The 65 new La Vista Club Suites feature spacious interiors, extended balconies, marble baths and members-only amenities. The conveniently located La Vista Club Lounge serves daily continental breakfast and afternoon hors d’oeuvres with an open bar featuring Mexican wines and tequilas.

“Not only will guests have access to the Club and 24-hour concierge, they’ll also have ‘preference planners’ who will contact them weeks in advance to coordinate anything from pillow preferences to activities,” says Booth. “We can set up private meal times on your balcony or dining onsite or in the destination,” Booth says.

The gleaming, U-shaped white hotel rises atop a bluff along the Los Cabos corridor, commanding sweeping views across the Sea of Cortés. At the foot of the bluff is the resort’s lovely, calm-water beach. A rock jetty shelters swimmers from the open ocean, while the attentive staff serves guests who lounge beneath umbrellas shading the white sand.

“We spent something like $1 million just on the grounds and landscaping,” Booth says. “Lots of attention went to plant selection, and we have increased our green footprint by 63 percent.

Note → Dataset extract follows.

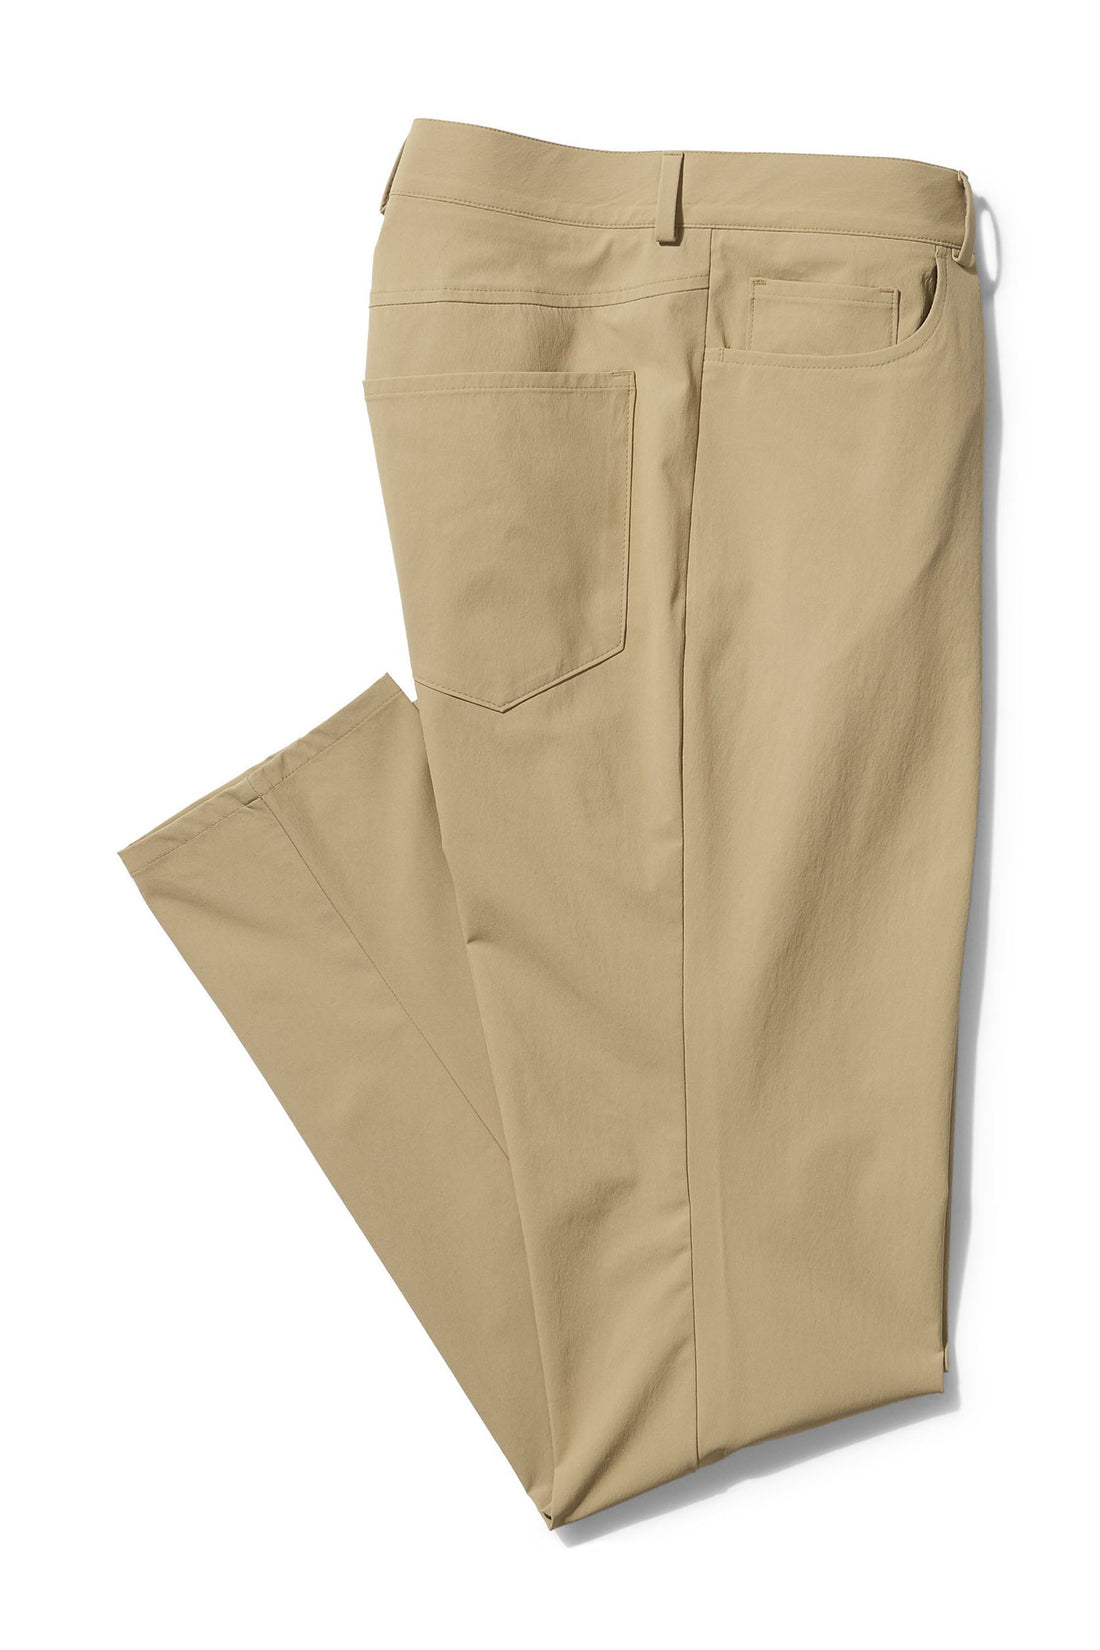 Tan "Elite-Tech" 5-Pocket Pants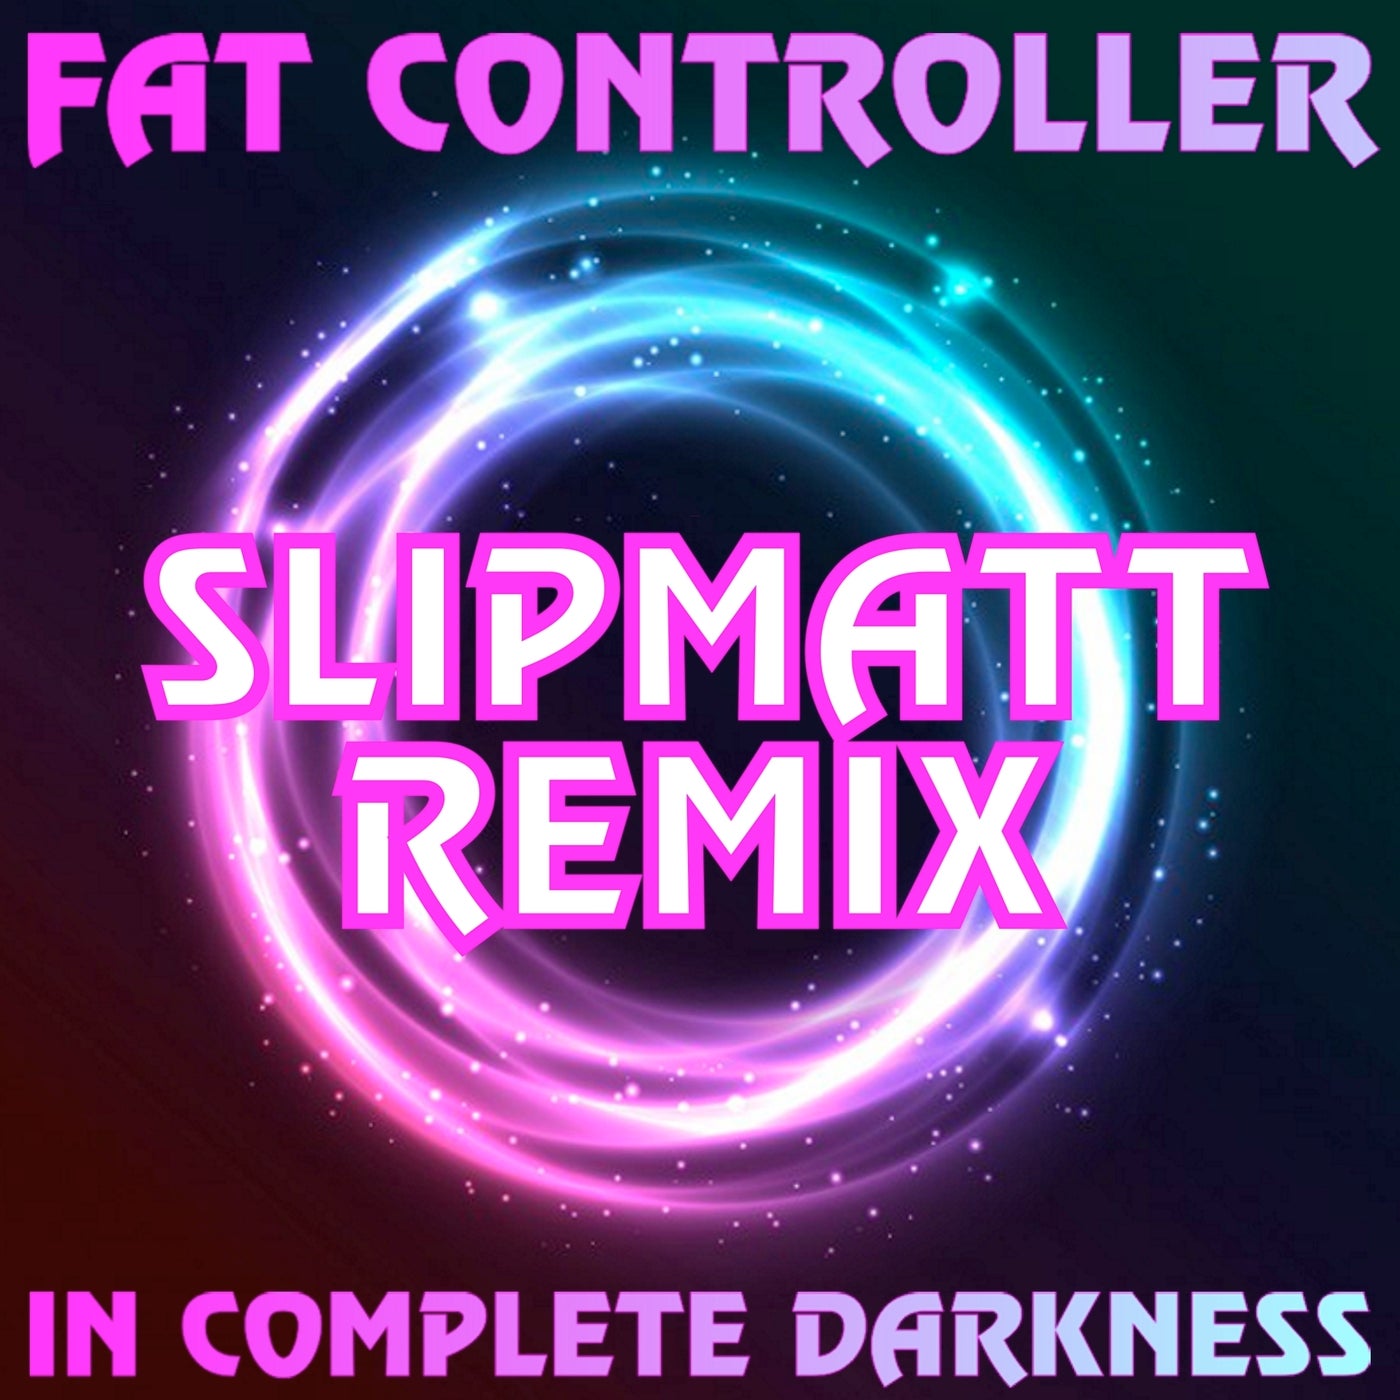 In Complete Darkness (Slipmatt Remix)

A lot of the areas where you now see lawn and plants were very different before the storm.”

A reimagined 7,000-square-foot eforea Spa is the Hilton brand’s first in Mexico. The 15 treatment cabins feature native fresh herb therapies. A Zen Garden and Movement Studio offers an array of classes, and the fitness center boasts TechnoGym and Precor equipment.

The resort created four new dining and bar concepts, and significant improvements were made to its existing restaurants — El Meson (small-plate nibbles and specialty stations) and Madero (sea view, tacos and unique cocktails). The main restaurant is Vela, where refined Italian cuisine is complemented by fresh Mexican ingredients, fresh fish and fine Mexican wines.

Agents can confidently recommend the property to brand-loyal Hilton HHonors vacationers, who will feel right at home. The resort is family-friendly and features the Cabo Kids Club. The property also caters to groups both large and small, and features state-of-the-art convertible meeting space, ocean-facing lawn terraces and venues for beach party-themed events.